# Harbor Freight 60 " work bench



## panhandler (Apr 28, 2011)

Has anyone ever own or known anything about the Harbor Freight 60" windsor design work bench 

http://www.harborfreight.com/60-inc...hftusa&utm_medium=hftusa&utm_campaign=buylink 

For the money, $159.00, it would be hard to build a solid bench myself. Right now i am working on a cheap 2x4, 2x6 bench that i got about 11 years ago. It is fine to put things on and work at a comfortable height, but I am ready to have a "real" woodworking bench for my garage shop.

The reviews on the website are mostly favorable. I was just wondering if anyone had experience with particular bench?


----------



## rrich (Jun 24, 2009)

Some years ago I bought a bench from HD. It's OK. (Similar to the benches from HF.)

My suggestion would be to buy a bench top from Grizzly and then build your own tressel support system from the parts of the old work bench. 
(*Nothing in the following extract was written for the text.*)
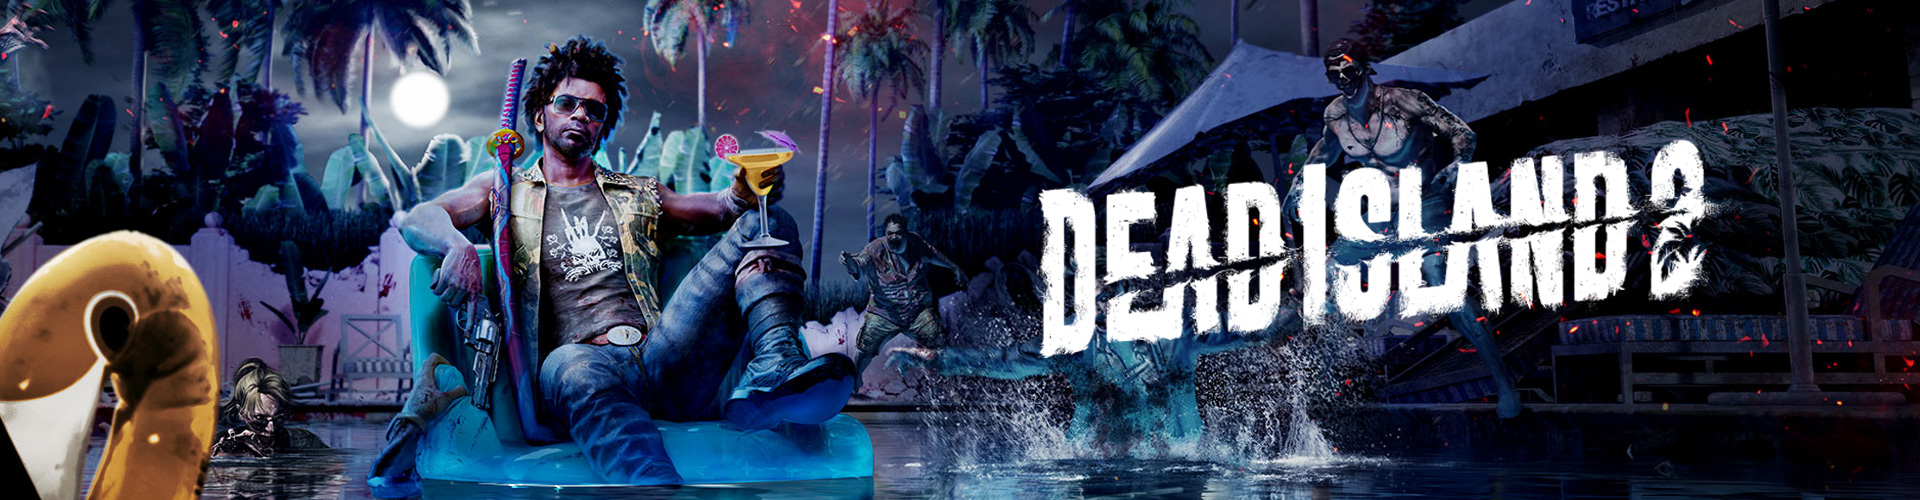 Dead Island 2 Ã© um jogo de terror multijogadores contra zombies

The thing with work benches is the top should be hard and flat. The supporting tressel can be made from almost anything. If the result is not quite steady enough, add a few bags of play sand. I mean why laminate up a massive tressel for weight when for less than $20 you can add several hundred pounds by laying a few bags of play sand on the stretcher.


----------



## dbhost (Jan 28, 2008)

I looked at them due to the low cost factor. The height on them is awfully short, and the top thickness is lacking...


----------



## HugeCow inc. (Jun 12, 2010)

My concern with it is its 250 lb weight capacity, that's pretty light which makes one think the construction of it is pretty crappy


----------



## slicksqueegie (Feb 9, 2011)

I am planning on building this one soon. http://www.popularwoodworking.com/projects/175_workbench 
As far as store bought benches go, unless it has a hydraulic lift pedal they pretty much all do the same thing in my eyes! just make sure it is stout!


----------



## hotrod351 (Apr 13, 2011)

well for the price id say thats not bad. ofcourse it always better to see it in person. but it looks pretty good to me. do you think you could build one for that price. even if you had to reinforce the joints id say its good.


----------



## scarecrow (May 19, 2011)

I just bought two 60'' benches from harbor freight and its perfect for what I need. My only complaint about it is that the vise is too small for some projects and the holes for the dogs are flimsy. So its not the best bench in the world, but it works for me.


----------